Ethical Considerations in the Use of Big Data, AI, and Real-Time Information for Prediction of Behavioral Health Outcomes

January 2022

Jordan Smoller, Harvard T.H. Chan School of Public Health
Matthew Nock, Harvard Faculty of Arts and Sciences

Psychiatric and behavioral conditions are responsible for an enormous burden of disability, morbidity, and mortality; however, options for accurate prediction and effective intervention remain limited. Advances in big and rich data analytics and mobile technology are rapidly creating new opportunities in psychiatry to improve prediction of behavioral health outcomes. Increasingly, it is possible to access data from multiple sources and build models using machine learning to predict whether and when these critical outcomes may occur. This raises novel ethical dilemmas as we consider the use of these models to intervene and attempt prevention. Notably, dilemmas arise regarding (1) what data are accessed and linked across sources—for example, the implications of linking medical data with datasets containing arrest records or social media posts. We also must consider (2) when data are accessed and on what time horizons they are used to predict outcomes and (3) how data are modeled, given that black-box uninterpretable models may also inherit and pass along biases present in their training data sets.

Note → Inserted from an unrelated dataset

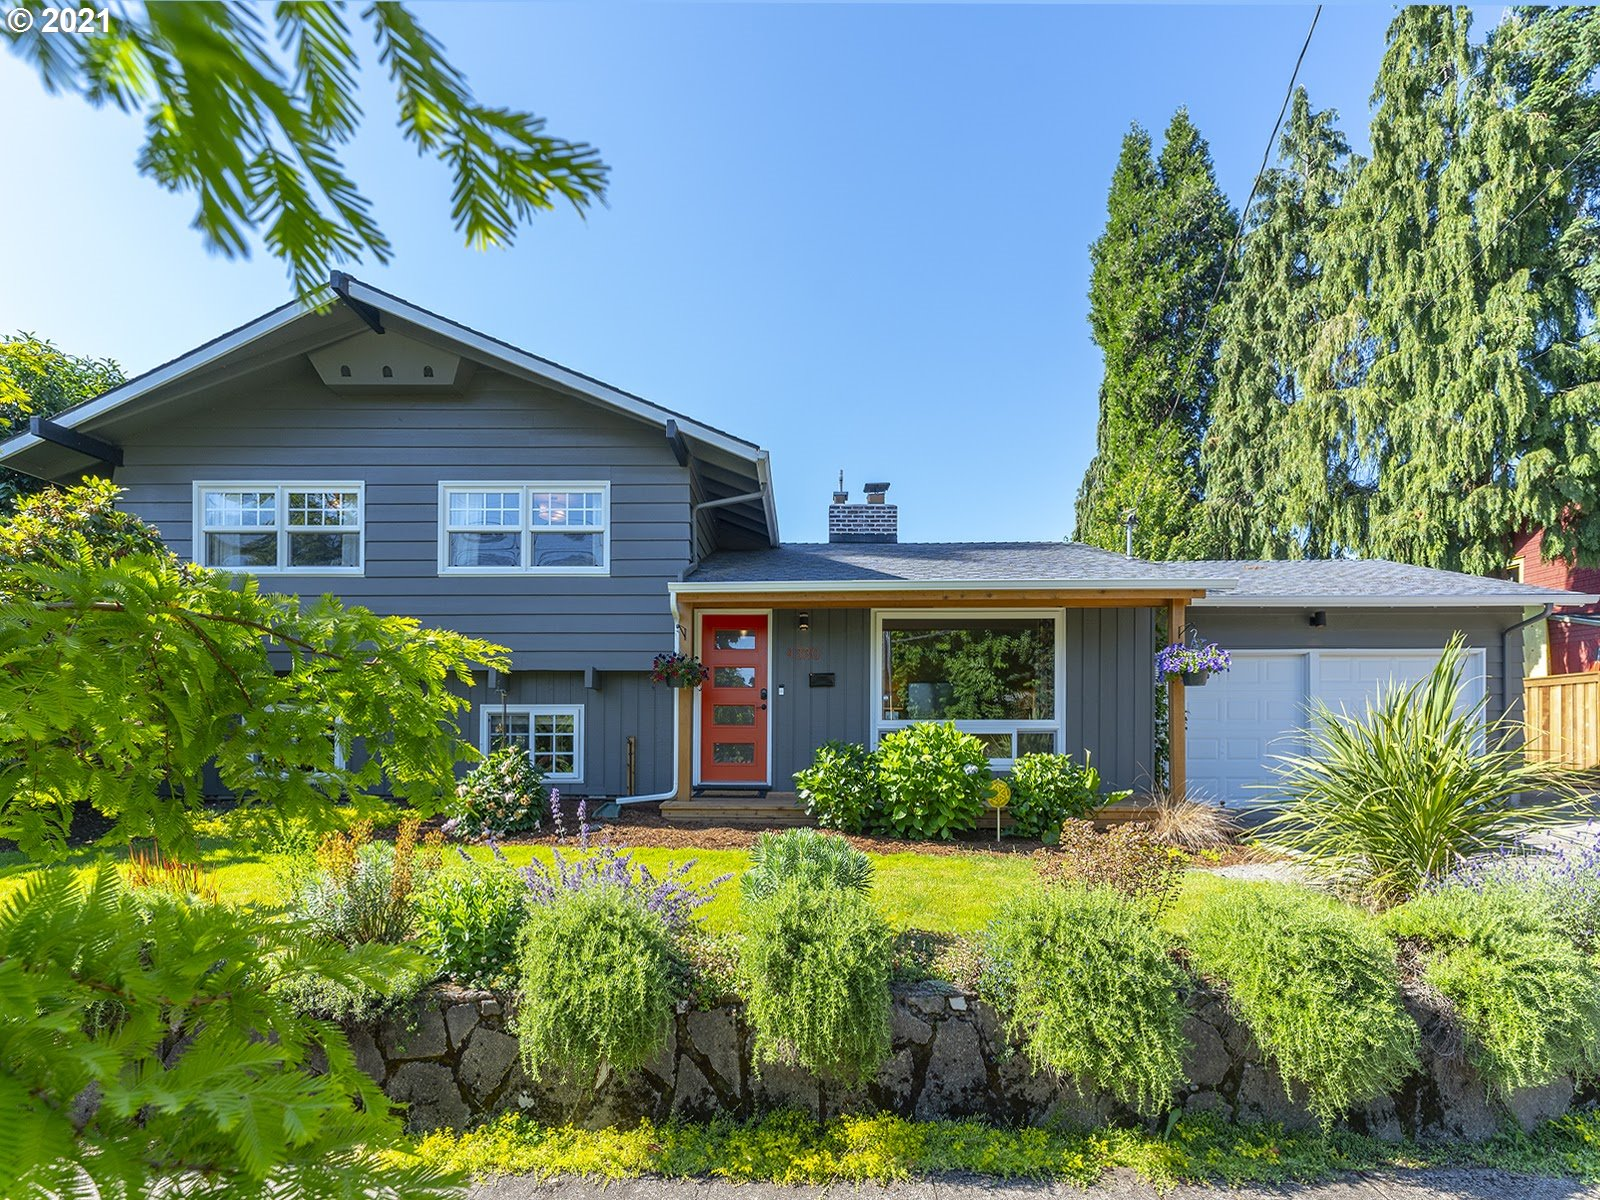 4330 SE RAYMOND ST, Portland OR 97206

In an effort to balance the potential value of data-driven prediction with potential costs, ethical violations, and inequities, it is important to create a forum for dialogue and generativity in this space. As these forms of data and modeling techniques are rapidly becoming more common in academia, medicine, and industry, now is an ideal time to bring together experts across disciplines to build a fuller accounting of the ethical dilemmas, practical challenges, and potential solutions and guidelines in pursuing this important work.